In Romania, we are competing with local providers offering very cheap per-minute AI voice pricing. More importantly, our product needs to remain meaningfully cheaper than the hourly cost of human labor at local wage levels. If our AI call center pricing cannot undercut local minimum-wage labor economics, it loses a large part of its commercial appeal.
This is especially important because our local market is currently under strong economic pressure. Many clients are not buying AI voice agents as a luxury upgrade; they are evaluating them as a way to reduce costs, handle more calls with fewer resources, or improve ROI through cheaper operational methods.
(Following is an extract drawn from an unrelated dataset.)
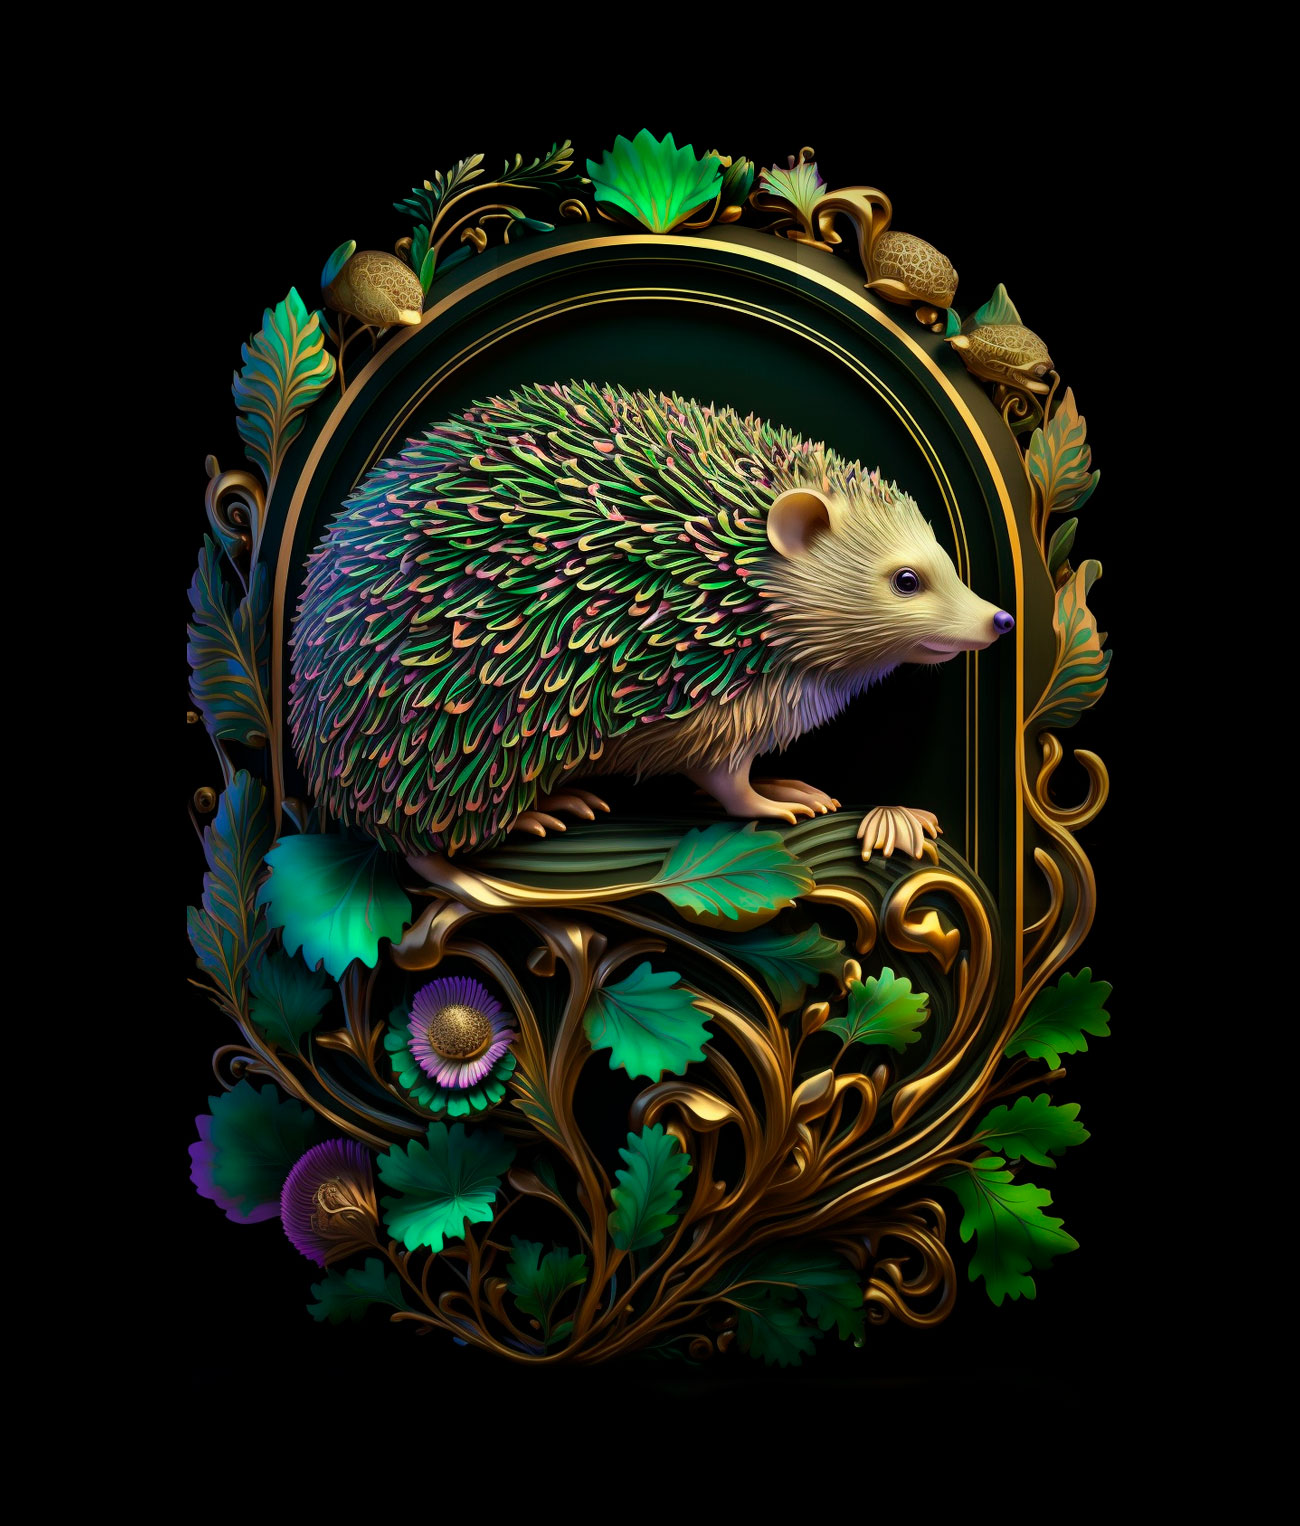 3D render of a hedgehog

If moving from gpt-realtime-mini to gpt-realtime-2 forces our per-minute pricing above local competitor offers and too close to or above local labor-cost equivalents, it would kill our sales momentum.
That is why the mini tier is critical for us. The problem is not that we need “the most intelligent model available.” We need a mini-class Realtime model that preserves the cost profile of gpt-realtime-mini while maintaining the Romanian/non-English faithfulness and production reliability we saw in gpt-realtime-mini-2025-10-06.
For our use case, gpt-realtime-mini-2025-10-06 hit the viable balance: low enough cost, acceptable Romanian voice quality, and strong faithfulness to supplied business data. A 3x cost increase is not a workable migration path in our market.
Interesting topic. I’m going to test gpt-realtime-mini-2025-10-06 in Portuguese as well.
We are currently using gpt-realtime-mini, but the quality has been quite poor for Portuguese voice agents. We are seeing issues with context loss, weaker understanding, and overall lower reliability in real customer scenarios.
This is directly affecting our ability to expand the project to more customers and use cases. The standard gpt-realtime model performs better, but it is too expensive for our use case and not economically viable at scale.
It would be very helpful to understand whether gpt-realtime-mini-2025-10-06 is expected to improve non-English voice quality, especially for Portuguese, or if there are recommended settings to reduce these issues.
I have tried contacting support, enterprise sales about these issues, nothing. And gpt-realtime-mini seems to become worse and worse. Now it’s getting scheduling appointments wrong where we’ve never had this issue with gpt-realtime-mini-2025-10-06 and at this point, given the complete silence from OpenAI’s support and enterprise team, I think we’ll be considering switching over to a voice model from another provider such as elevenlabs or retell. It may be more expensive on a per minute basis, but given OpenAI’s approach to communicating with us (as in, not at all) this gives us no option. We’re handling millions of minutes per month at this point, and to say openAI has been unprofessional with us is an understatement.